— DATA —

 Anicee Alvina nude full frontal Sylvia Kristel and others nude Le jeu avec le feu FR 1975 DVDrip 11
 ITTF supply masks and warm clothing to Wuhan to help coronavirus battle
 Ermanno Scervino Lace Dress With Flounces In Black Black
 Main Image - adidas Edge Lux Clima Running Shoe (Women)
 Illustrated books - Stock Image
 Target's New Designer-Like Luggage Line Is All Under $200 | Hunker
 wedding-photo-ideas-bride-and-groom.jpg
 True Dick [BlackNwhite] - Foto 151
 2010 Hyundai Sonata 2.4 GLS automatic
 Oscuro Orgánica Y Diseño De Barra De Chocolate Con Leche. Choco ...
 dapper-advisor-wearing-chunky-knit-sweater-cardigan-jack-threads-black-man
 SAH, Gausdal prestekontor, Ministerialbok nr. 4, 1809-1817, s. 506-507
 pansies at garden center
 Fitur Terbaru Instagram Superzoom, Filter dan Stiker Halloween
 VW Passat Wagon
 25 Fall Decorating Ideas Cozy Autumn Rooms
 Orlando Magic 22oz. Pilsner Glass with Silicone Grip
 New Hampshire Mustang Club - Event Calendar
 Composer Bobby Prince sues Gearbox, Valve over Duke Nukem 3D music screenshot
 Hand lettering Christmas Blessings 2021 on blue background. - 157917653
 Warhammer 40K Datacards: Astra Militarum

— TASK REQUIREMENTS —
Starting at the first line, transcribe the material through to the last.

— EXERCISE OUTPUT —
 Anicee Alvina nude full frontal Sylvia Kristel and others nude Le jeu avec le feu FR 1975 DVDrip 11
 ITTF supply masks and warm clothing to Wuhan to help coronavirus battle
 Ermanno Scervino Lace Dress With Flounces In Black Black
 Main Image - adidas Edge Lux Clima Running Shoe (Women)
 Illustrated books - Stock Image
 Target's New Designer-Like Luggage Line Is All Under $200 | Hunker
 wedding-photo-ideas-bride-and-groom.jpg
 True Dick [BlackNwhite] - Foto 151
 2010 Hyundai Sonata 2.4 GLS automatic
 Oscuro Orgánica Y Diseño De Barra De Chocolate Con Leche. Choco ...
 dapper-advisor-wearing-chunky-knit-sweater-cardigan-jack-threads-black-man
 SAH, Gausdal prestekontor, Ministerialbok nr. 4, 1809-1817, s. 506-507
 pansies at garden center
 Fitur Terbaru Instagram Superzoom, Filter dan Stiker Halloween
 VW Passat Wagon
 25 Fall Decorating Ideas Cozy Autumn Rooms
 Orlando Magic 22oz. Pilsner Glass with Silicone Grip
 New Hampshire Mustang Club - Event Calendar
 Composer Bobby Prince sues Gearbox, Valve over Duke Nukem 3D music screenshot
 Hand lettering Christmas Blessings 2021 on blue background. - 157917653
 Warhammer 40K Datacards: Astra Militarum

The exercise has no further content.